CUSP History curriculum
We use CUSP History curriculum to support our children’s knowledge and understanding in this area of learning.
At Barnfield, our History curriculum is ambitious, carefully sequenced and knowledge-rich. It meets the needs of our children and equips them to become critical thinkers who have the ability to investigate, consider, reflect and review events of the past. Our history curriculum is full of topics which develop chronological understanding and provides the pupils with the skills and knowledge needed to develop into informed, engaged and thoughtful citizens. We aim to deliver a study of history which inspires children’s curiosity, encourages critical thinking and enables pupils to have a better understanding of the society in which they live and those in the wider world making links with our 5 principles where appropriate.
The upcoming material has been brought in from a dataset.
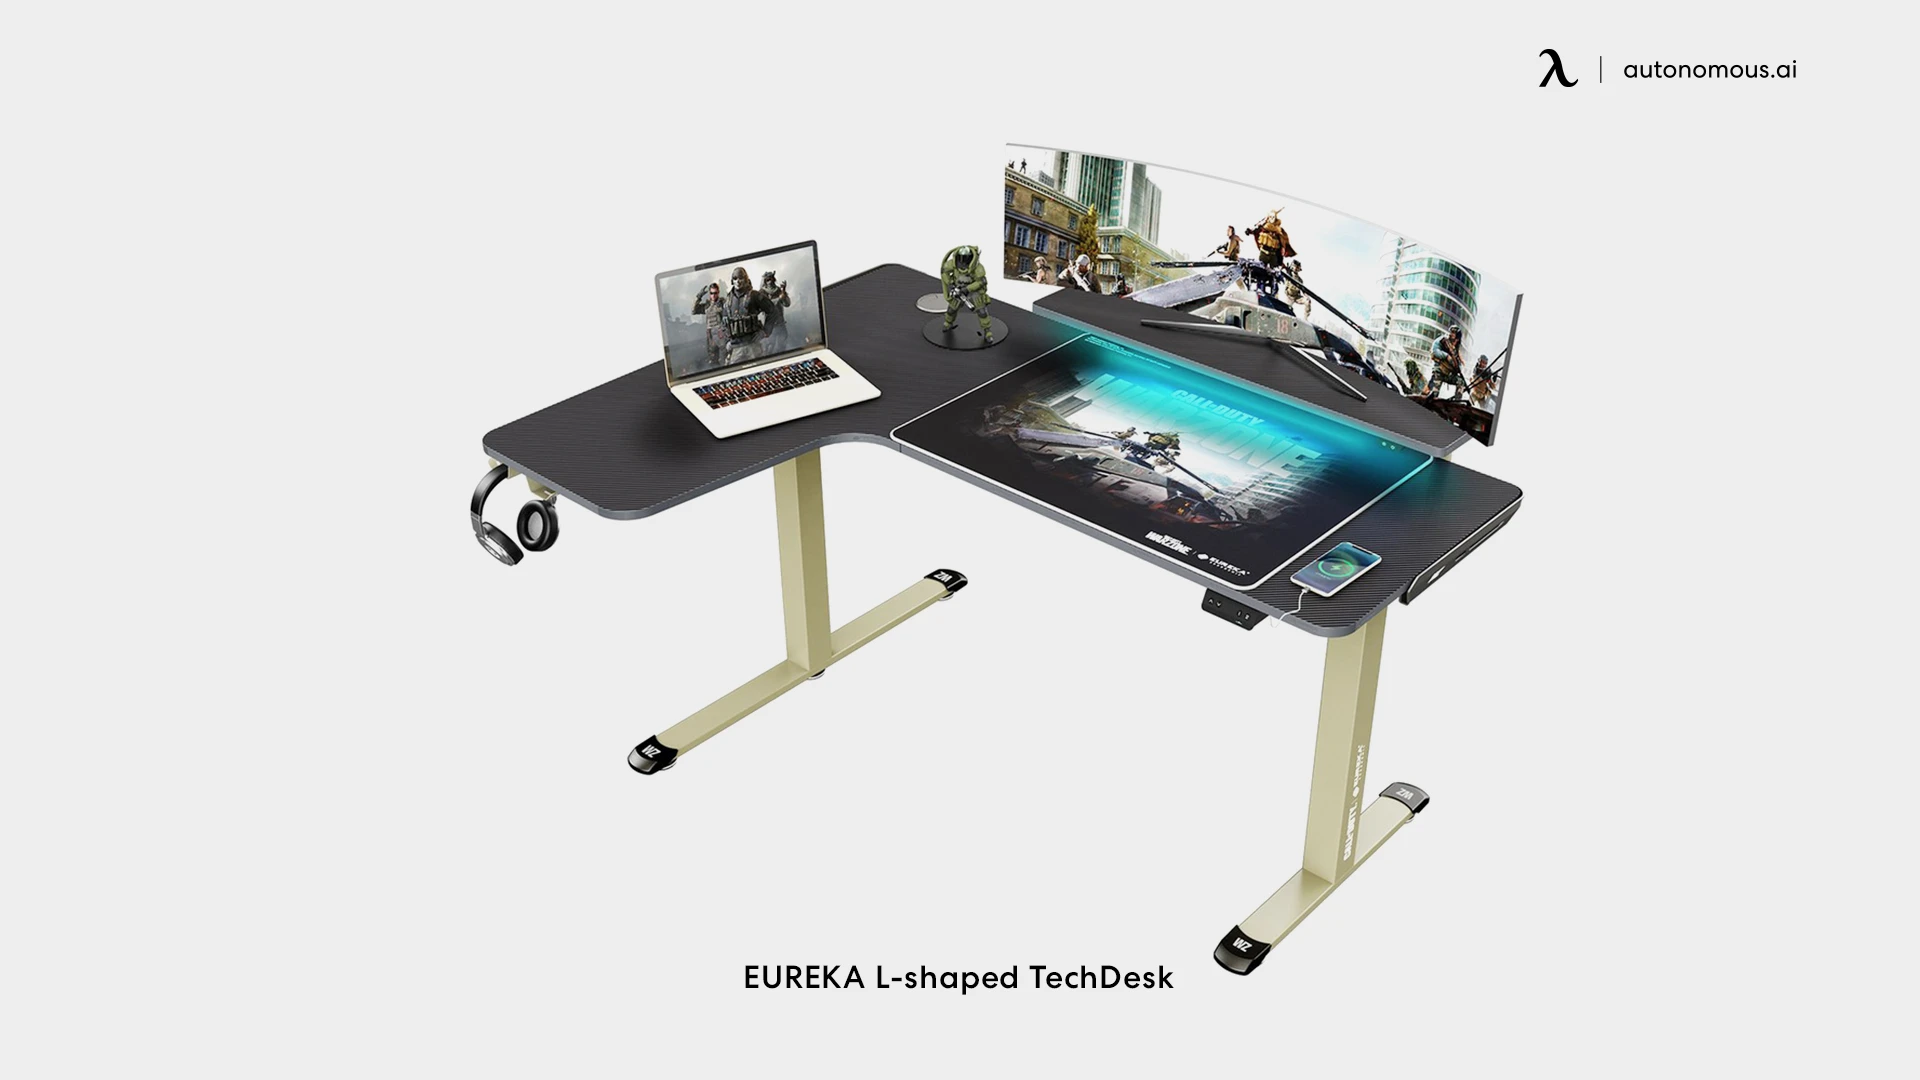 Eureka L-shaped TechDesk: Monitor Stand & Dual Headphone Hook

The units within the CUSP curriculum complement the history curriculum which we have already developed as a school. The structure of the CUSP history curriculum is built around the principles of advancing cumulative knowledge, chronology, change through cause and consequence, as well as making connections within and throughout periods of time studied. CUSP History is planned so that the retention of knowledge is much more than just ‘in the moment knowledge’. A guiding principle of CUSP History is that pupils become ‘more expert’ with each study and grow an ever broadening and coherent mental timeline.
Specific and associated historical vocabulary is planned sequentially and cumulatively from Year 1 to Year 6. High frequency, multiple meaning words (Tier 2) are taught alongside and help make sense of subject specific words (Tier 3).
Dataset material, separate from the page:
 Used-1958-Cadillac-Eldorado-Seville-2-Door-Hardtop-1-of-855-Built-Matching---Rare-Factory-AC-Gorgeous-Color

In the study of the past, our children increase their substantive knowledge. This is the subject knowledge and explicit vocabulary used about the past. This is learning about people, places, events and changes. Following the CUSP curriculum we have defined substantive concepts which are defined at the start of every history unit as a BIG IDEA.
The Big Ideas are:
Community: This gives us a focus on a large group of people living in a place.
Knowledge: This gives a focus on the difference knowledge makes to people.
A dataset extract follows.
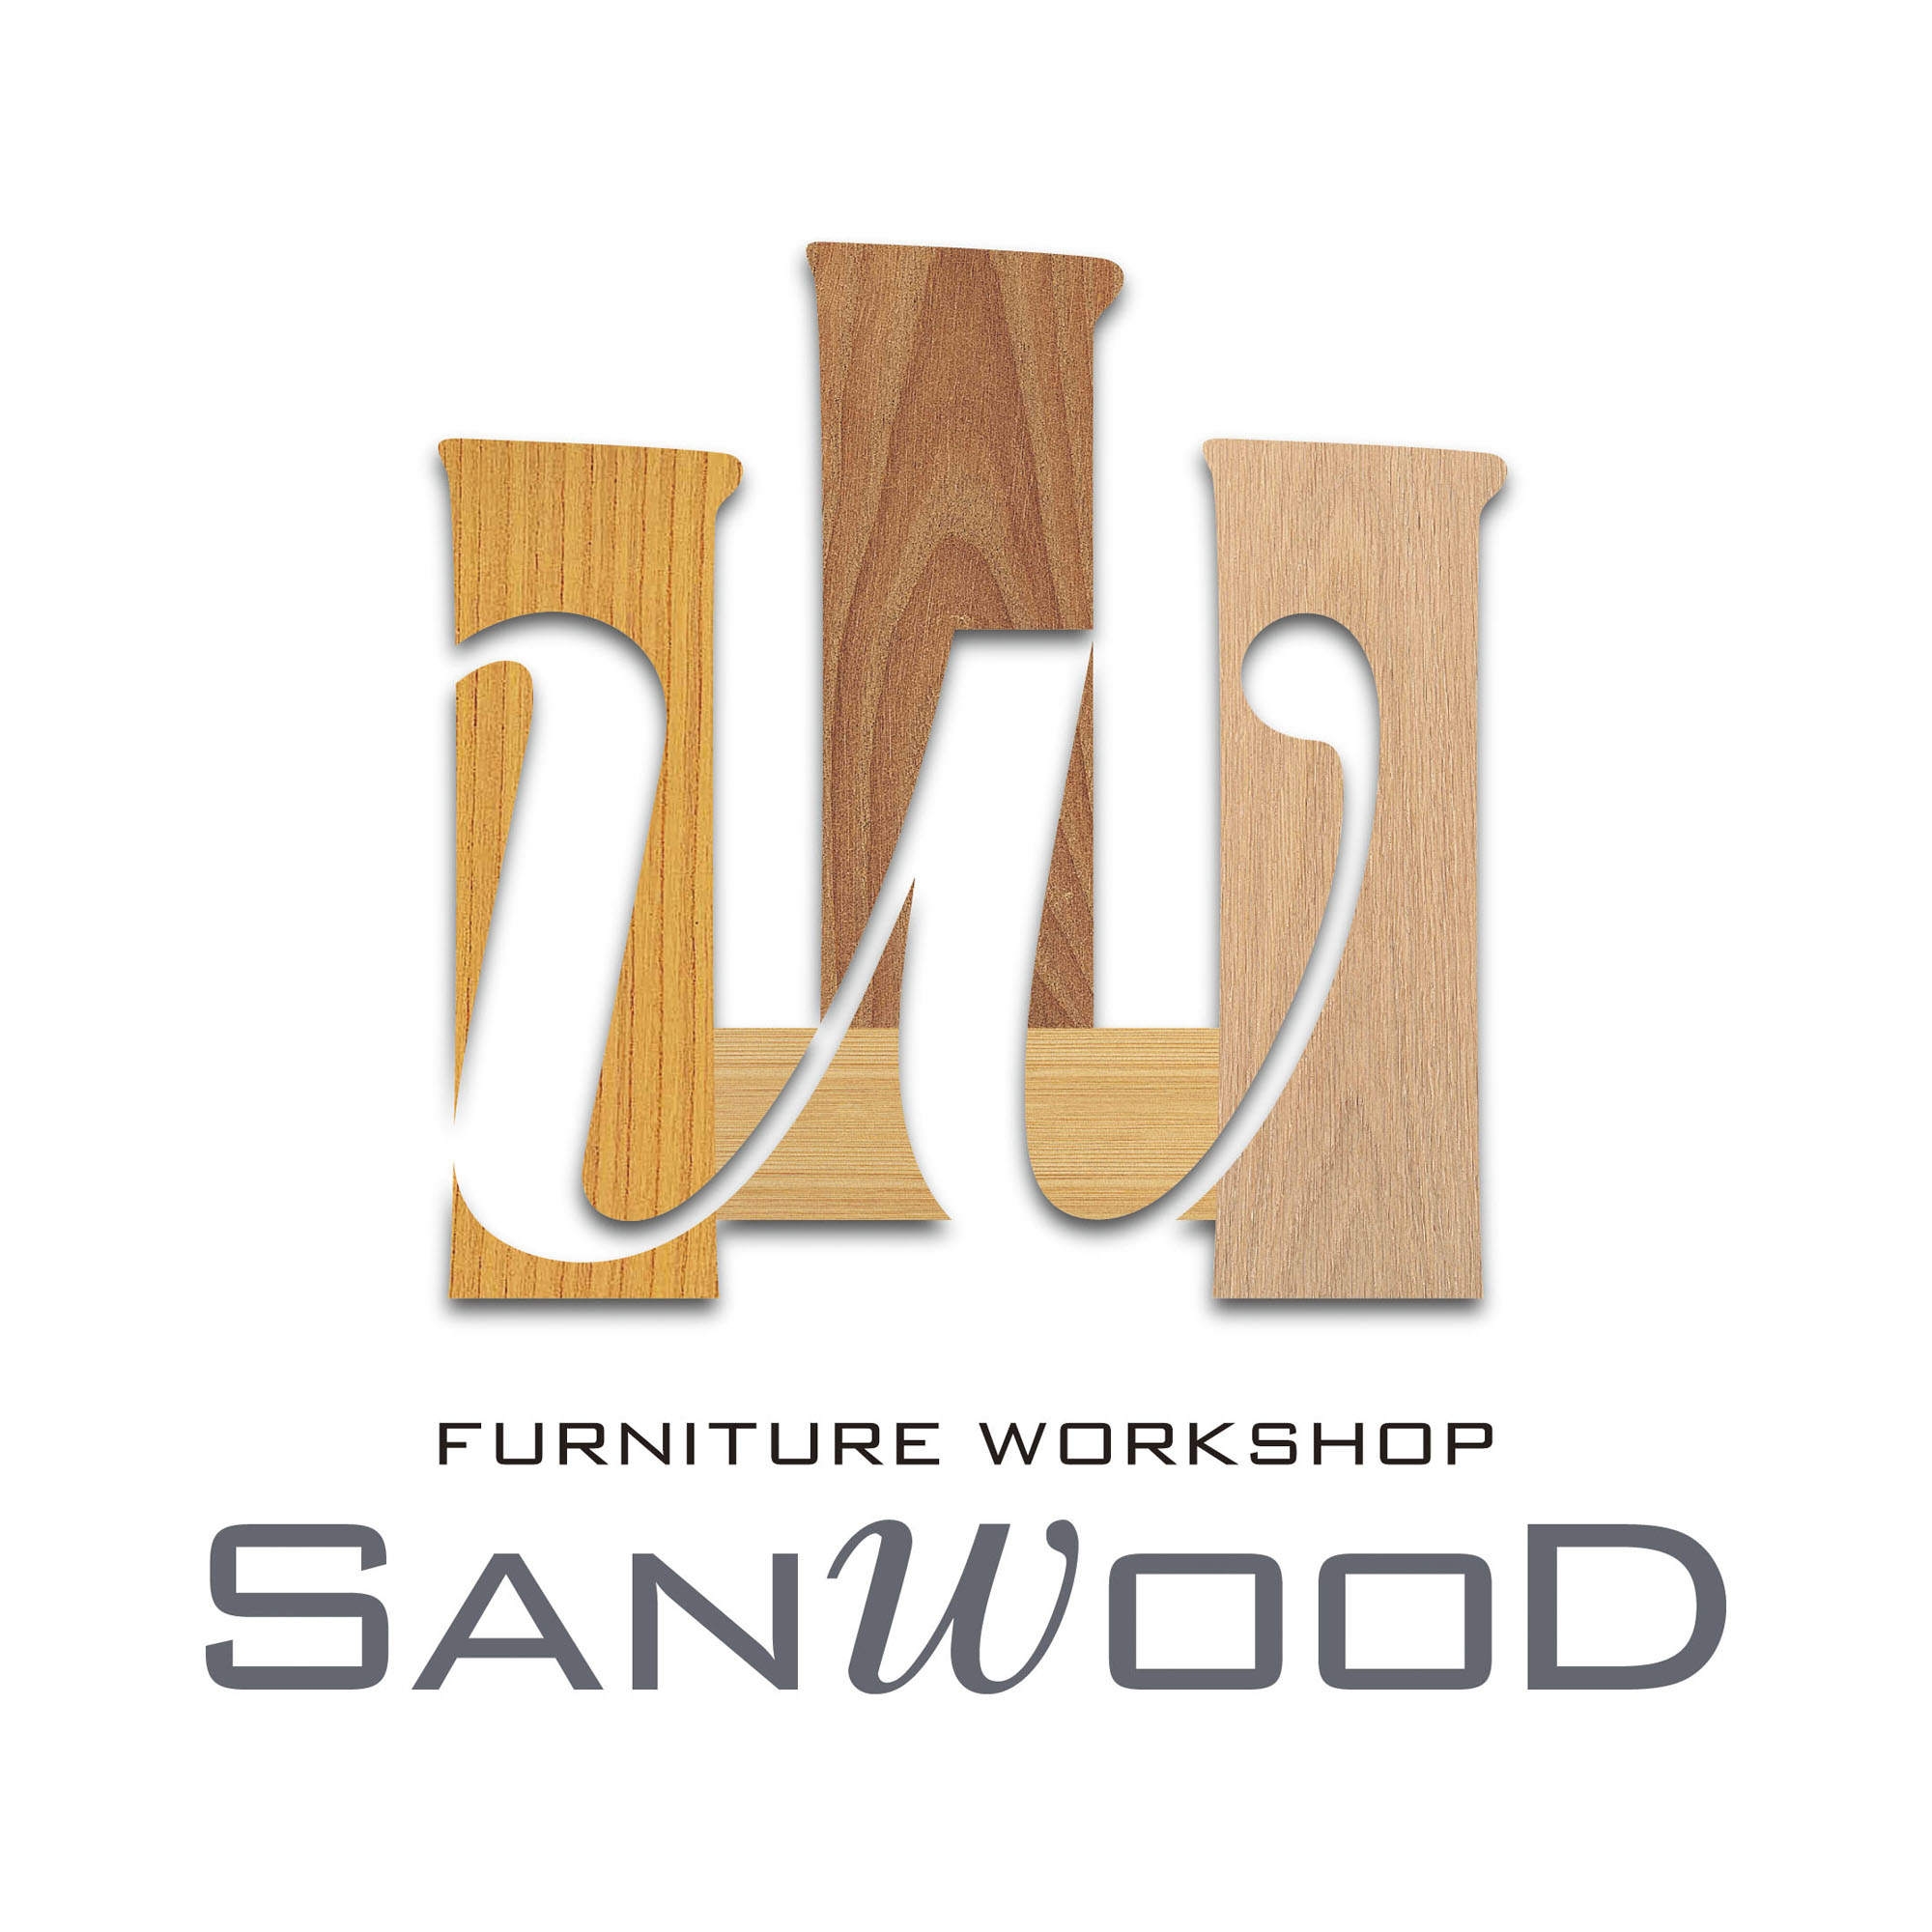 Furniture Workshop Sanwood

Invasion: Taking over another country or region with an armed force.
Civilisation: A large group of people who follow similar laws, religion and rules.
Power: The power to advance technology, architecture and the arts or the power over people and places.
Democracy: A form of government voted for by the people.
In the study of the past, our children also increase their disciplinary knowledge; this is the use of that knowledge and how our children construct understanding through historical claims, arguments and accounts. We call it ‘working historically’ and may involve significance, evidence, continuity and change, cause and consequence, historical perspective and contextual interpretation.